Three Essays on Billionaire Corporate Control

  • Author / Creator
    Bordin Bordeerath
  • This thesis examines the impact of billionaires on their firms, equity markets and their countries’ economies. In Chapter 2, I use a hand-collected dataset of billionaire wealth from 1986 to 2015 and document that billionaire wealth over GDP has been increasing substantially around the world. As of 2015, billionaires in all regions, except Africa, own assets worth more than 10% of GDP, while the median number of billionaires per country is only six. A few billionaires controlling vast amounts of corporate assets can both benefit and damage an economy. This is because heir billionaires inherit both corporate control and political connections from their parents, making them likely pursue rent-seeking to set up barriers against new entrants. In contrast, founder billionaires are creative entrepreneurs who invest in innovative projects that can potentially dislodge corrupt incumbents. Consistent with this argument, I find that countries with more founder wealth over GDP grow more rapidly, have lower barriers to entry, and higher IPO activity. In contrast, countries with more heir wealth over GDP are associated with the opposite. The positive impact of founder billionaires wanes after they remain billionaires for longer than 20 years. Arguably, this pattern of results is difficult to explain with other hypotheses than creative destruction brought about by billionaires.

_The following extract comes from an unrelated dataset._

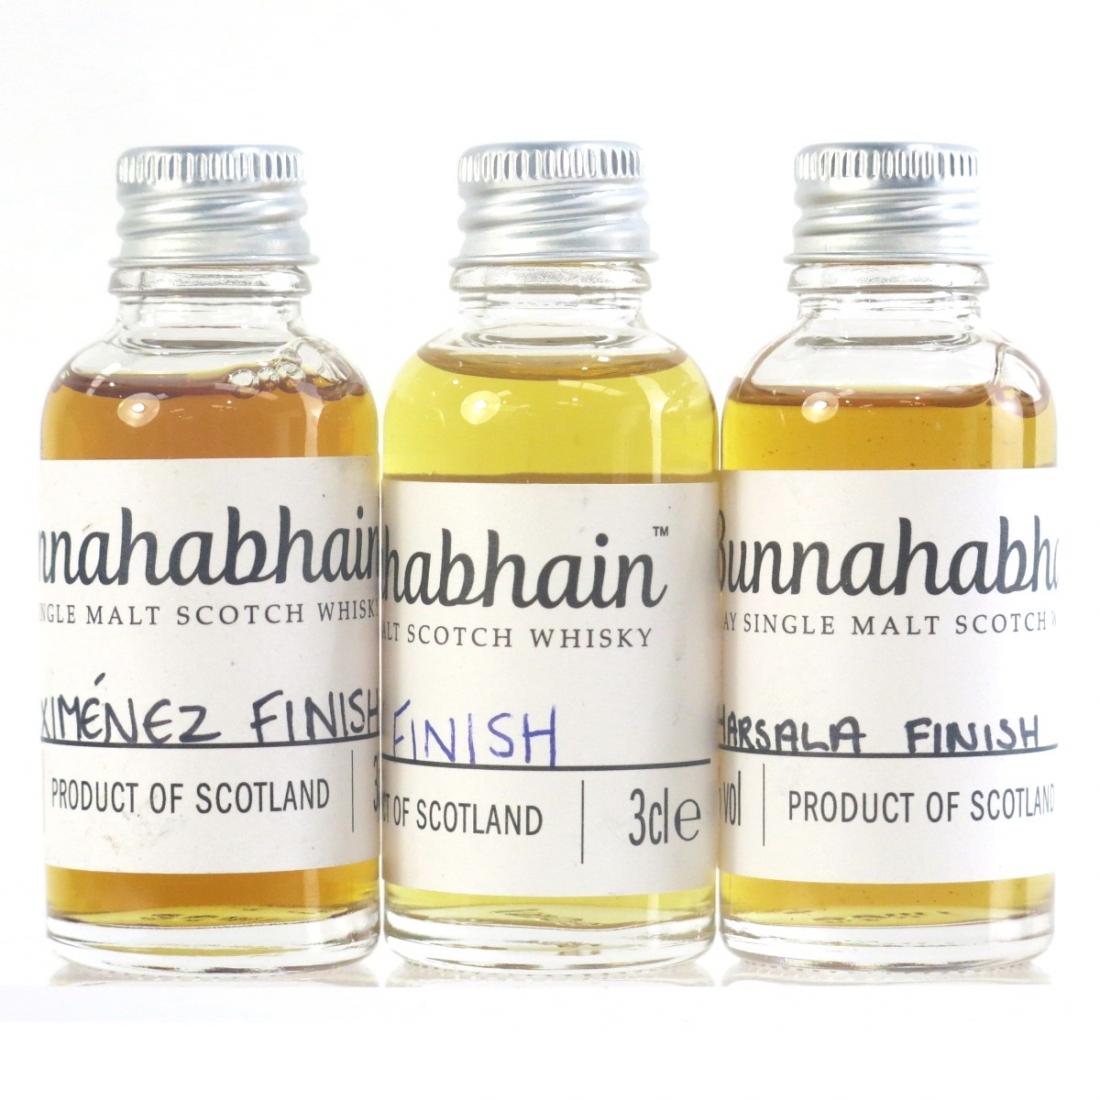 Bunnahabhain Sample Miniatures 3 x 3cl
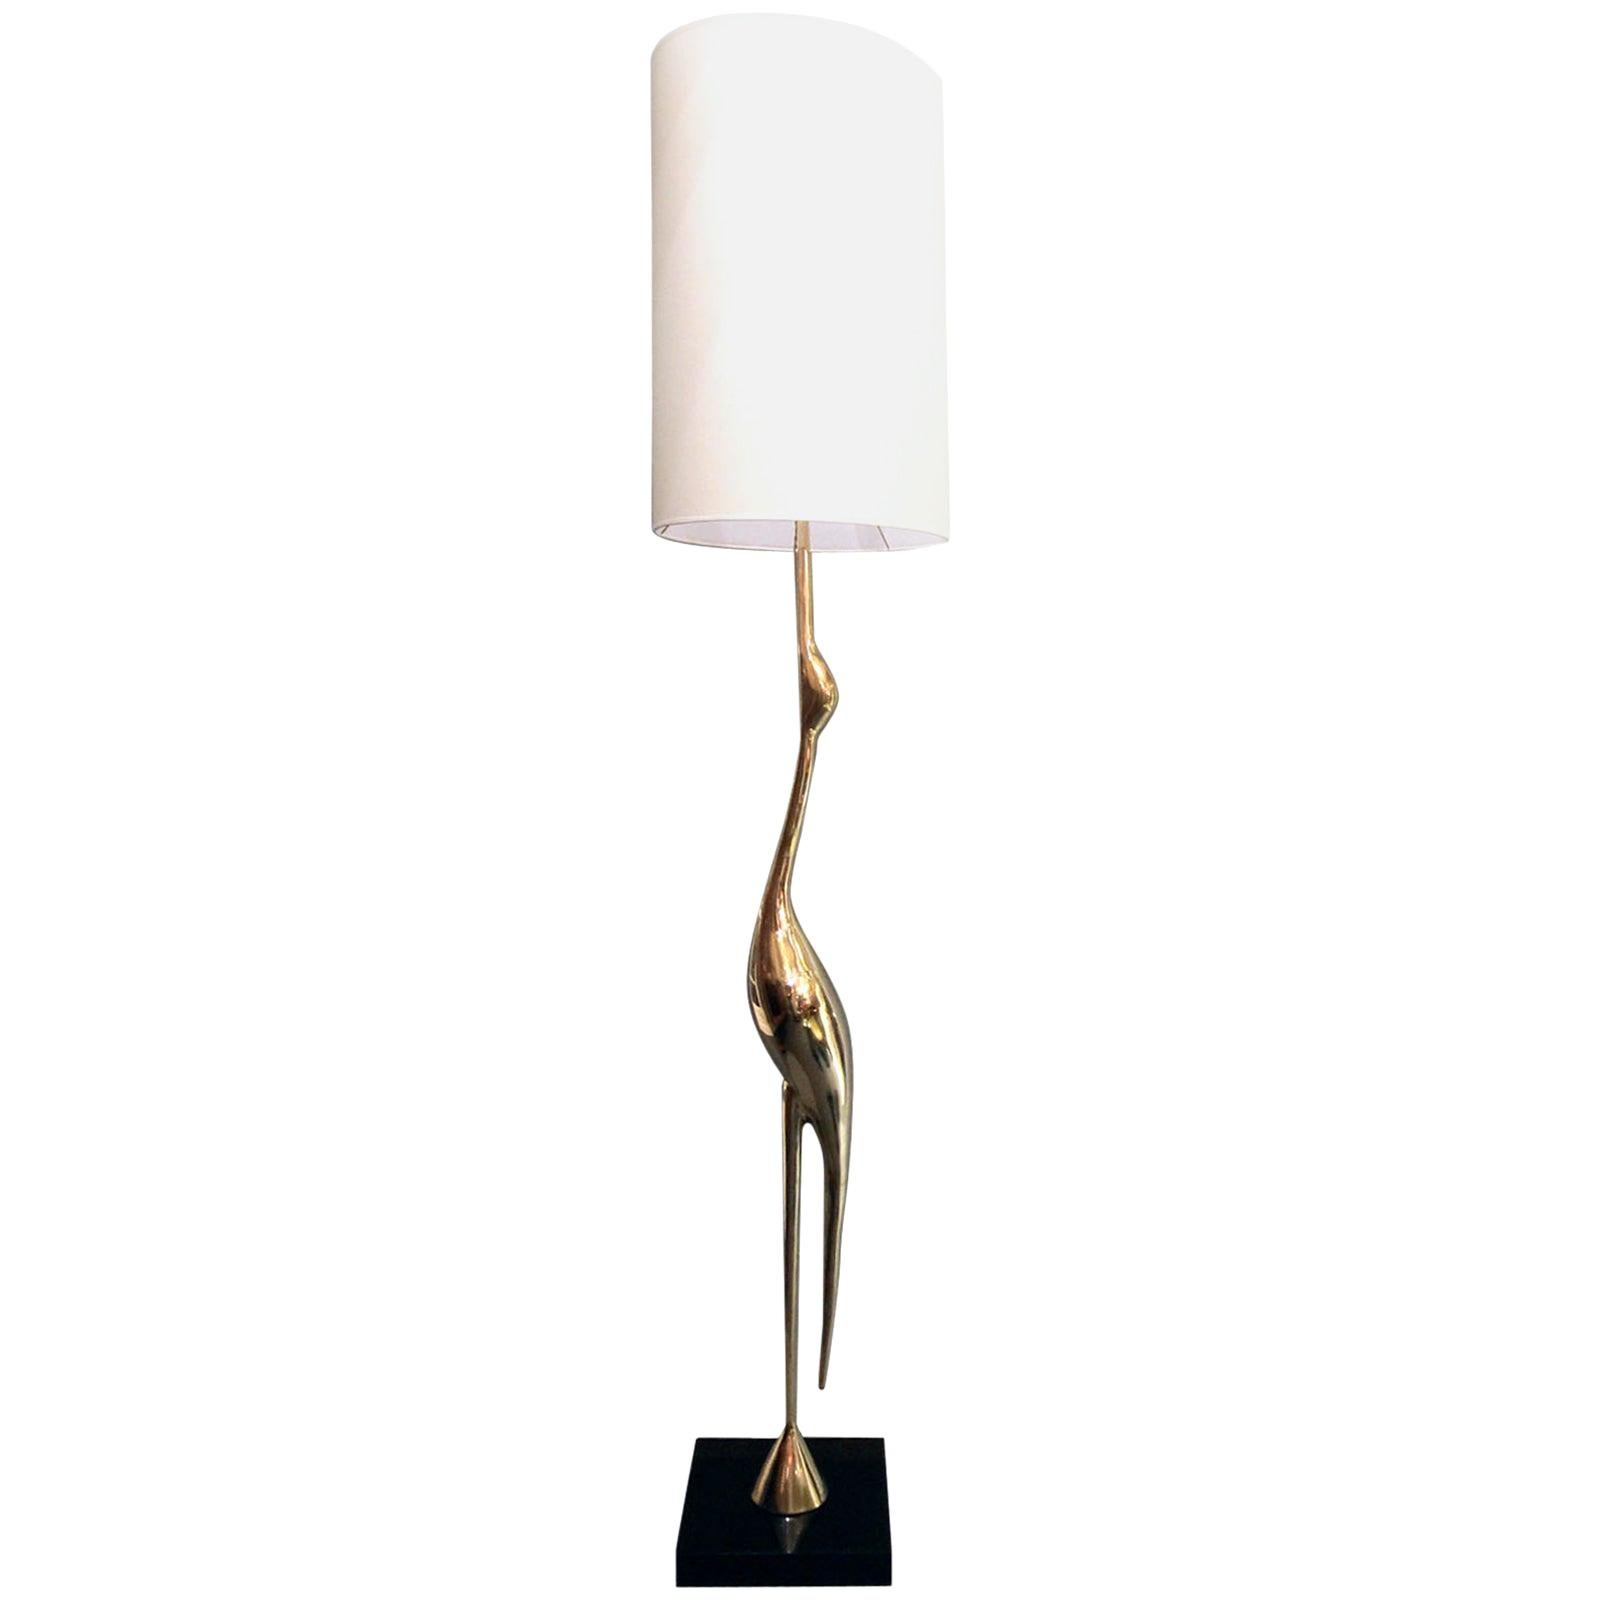 Heron Floor Lamp by Rene Broissand

    Although the results from Chapter 2 strongly suggest that billionaires can impact their national economies, they still leave causality unresolved. I address this issue in Chapter 3 where I exploit billionaires’ sudden deaths as exogenous shocks to their countries’ capital markets. I hypothesize that because billionaires control large fractions of their national economies, the sudden loss of these individuals may have an impact not only on the firms they control but also on the entire market. In support of this hypothesis, I show that the market-wide volatility increases significantly around the day they suddenly lose power. This increase in volatility is larger in less developed countries, suggesting that billionaires are more influential in these countries. Moreover, the average market index drops by approximately 0.3% in response to the sudden loss of these individuals. Cumulative abnormal returns on the market index are more negative in less developed countries, but are positive in countries whose per capita GDPs are higher than 41,738 USD. This result suggests that big business groups are beneficial in less developed economies, but detrimental in more developed ones.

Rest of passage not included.